Subjects were excluded if they met one of the following a priori exclusion criteria: a) incorrect answers to both of two instructional manipulation checks, b) an incorrect answer to one instructional manipulation check and evidence of straight-line responding, c) reported age less than 18 years old, and d) location outside of the US (for MTurk participants only. Location estimates were derived from IP addresses using the Qualtrics GeoIP feature). These exclusion criteria resulted in the exclusion of data from 22 MTurk participants (2.25%), no campus participants, and one community participant. However, four campus participants were excluded due to survey presentation error and one community participant was excluded on the basis of previously being included in the campus sample. Thus, analyses were conducted on 1,030 participants: 848 MTurk participants aged 18–81 years (M = 35.53, SD = 11.91, 407 males, 300 females; demographic information on some participants was not retained due to survey error), 84 campus participants aged 18–38 years (M = 21.27, SD = 3.50, 41 males, 43 females), and 98 community-based participants aged 19–82 years (M = 33.68, SD = 12.67, 57 males, 41 females). Full demographic characteristics of the samples are presented in Table 1.

Procedure

All procedures were approved by the University of Chicago IRB. Participants read and signed an informed consent document that specified they would be compensated for their participation as long as they completed the study.

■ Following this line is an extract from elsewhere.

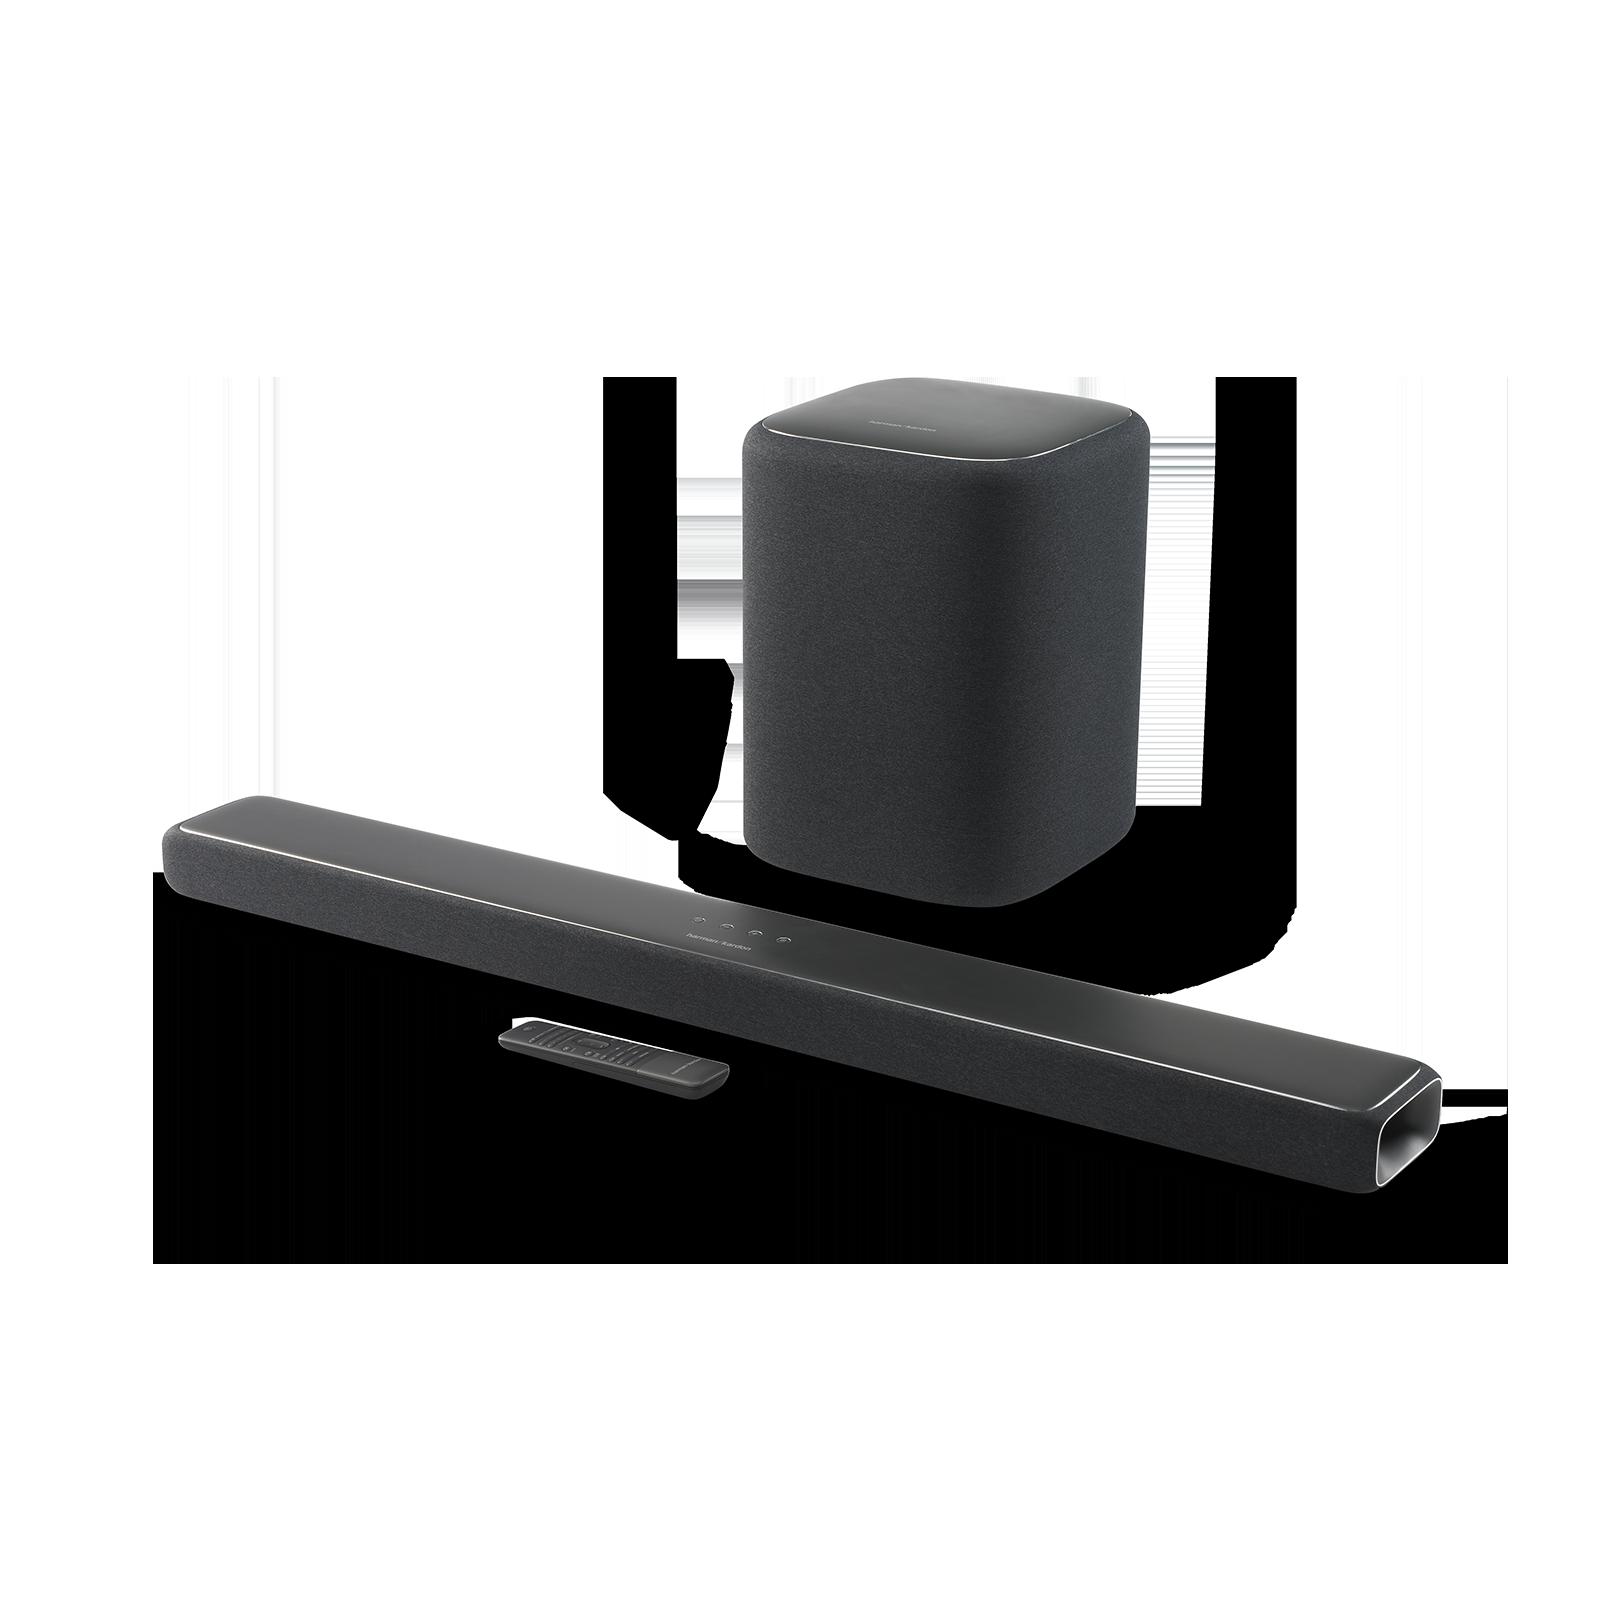 Enchant 1300 - Graphite - All in One 13-Channel Soundbar with MultiBeam™ Surround Sound - Detailshot 3

Participants then saw a list of problematic responding behaviors (see Table 1) and were randomly assigned to either report how frequently they engaged in each behavior (frequency estimate for self condition) or to report how frequently other participants engaged in each behavior (frequency estimates for other condition, similar to the manipulation used by [22]). We included a condition in which we asked participants to report on the behavior of other participants rather than themselves because we reasoned that participants may have been motivated to misreport their behavior (under-reporting engagement in socially undesirable respondent behaviors and over-reporting engagement in socially desirable respondent behaviors) if they inferred that their responses could influence future opportunities for paid participation in research (c.f. [3132]). We expected that participants’ inferences of others’ behaviors would be egocentrically anchored upon their own behavior [33] but less influenced by self-serving reporting biases [34,35] and so could serve as more precise estimates of their own behavior.

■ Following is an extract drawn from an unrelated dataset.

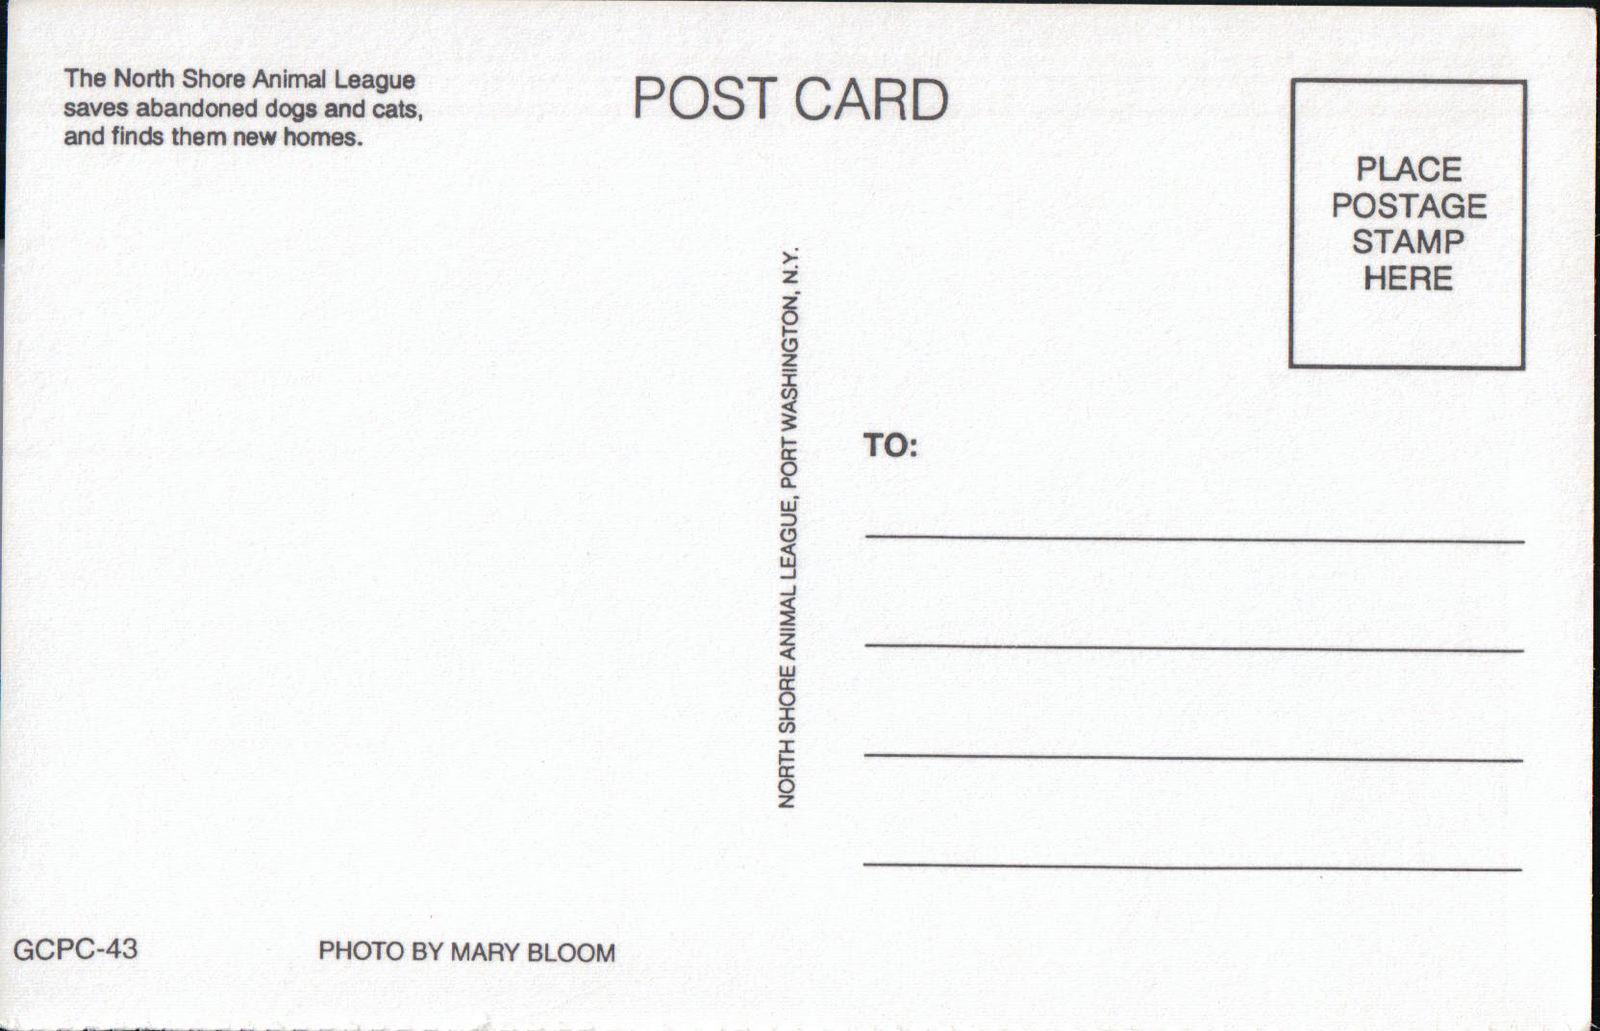 North Shore Animal League Post Card

In the frequency estimate for self (FS) condition (NMTurk = 425, NCampus = 42, NCommunity = 49), participants reported how frequently they engaged in each problematic responding behavior. Specifically, participants were asked, “When completing behavioral sciences studies [on MTurk / at the Psychology Department of the University of Chicago / at the Booth Chicago Research Lab], what percentage of the time that you have spent [on MTurk / completing studies] have you engaged in each of the following practices?”

In the frequency estimate for others (FO) condition (NMTurk = 423, NCampus = 42, NCommunity = 49), participants rated how frequently the average participant engaged in each problematic responding behavior. Specifically, participants were asked, “When completing behavioral sciences studies [on MTurk / at the Psychology Department of the University of Chicago / at the Booth Chicago Research Lab], what percentage of time spent [on MTurk / completing studies] does the average [MTurk / research / Booth research] participant spend engaging in each of the following practices?”

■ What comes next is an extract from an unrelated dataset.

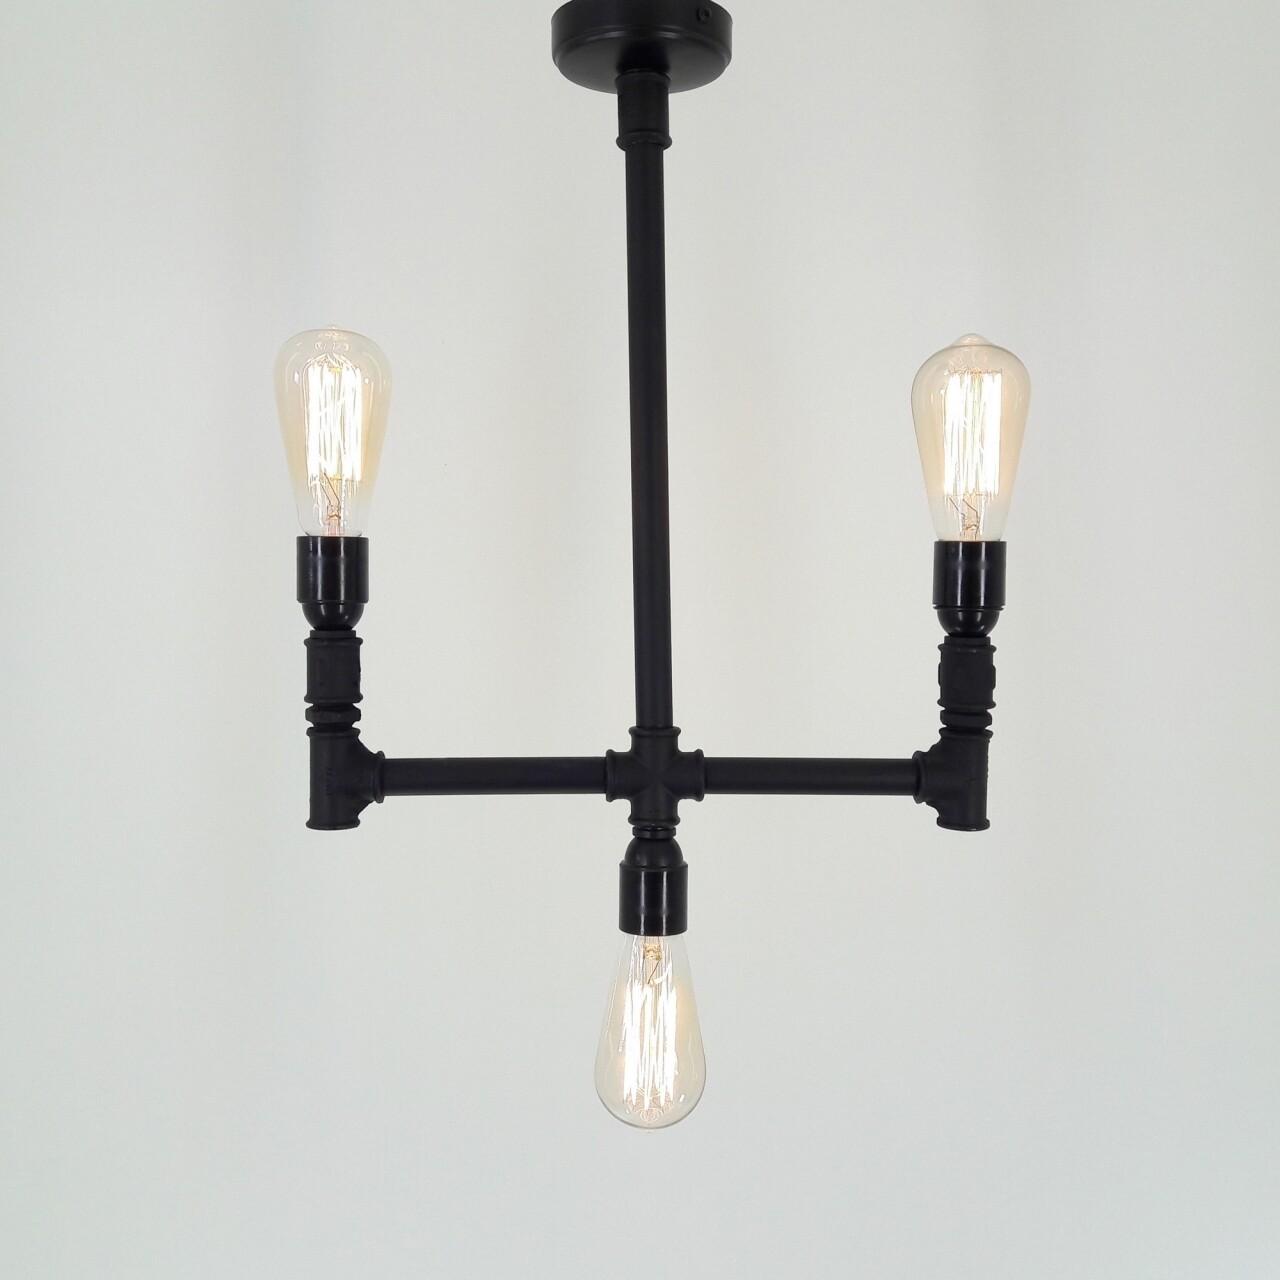 Candelabru Lalezar, All Design, metal, 55x40x65 cm, negru

In the MTurk sample, which was collected before data collection from the campus and community samples began, we collected an additional 432 participants for a third condition in which participants rated how prevalent each problematic responding behavior was among other participants. We chose not to include this condition in the campus or community samples because it neither directly assessed participants’ own behavior nor could be used statistically to test the auxiliary hypothesis which is not presented in the current manuscript. In the campus and community samples, we also collected information about the frequency with which participants engaged in six additional behaviors, which were unrelated to completing psychology studies, to test the auxiliary hypothesis. Neither these questions nor the third MTurk condition are assessed further in the present manuscript.

Because we were interested in which factors might moderate participants’ engagement in each of the problematic responding behaviors, we also asked participants to answer a number of questions designed to assess their perceptions of psychological studies, frequency of completing studies, and financial incentives for completing studies. First, participants reported the extent to which survey measures represent a legitimate investigation of meaningful psychological phenomena. In the FS condition, participants reported what percent of the time that they believed that survey measures [on MTurk / in psychology studies / in Booth research studies] represented meaningful psychological phenomena. In the FO condition, participants reported what percent of the time that the average [MTurk / Psychology Department / Booth research] participant believed that survey measures [on MTurk / in psychology studies / in Booth research studies] represent meaningful psychological phenomena.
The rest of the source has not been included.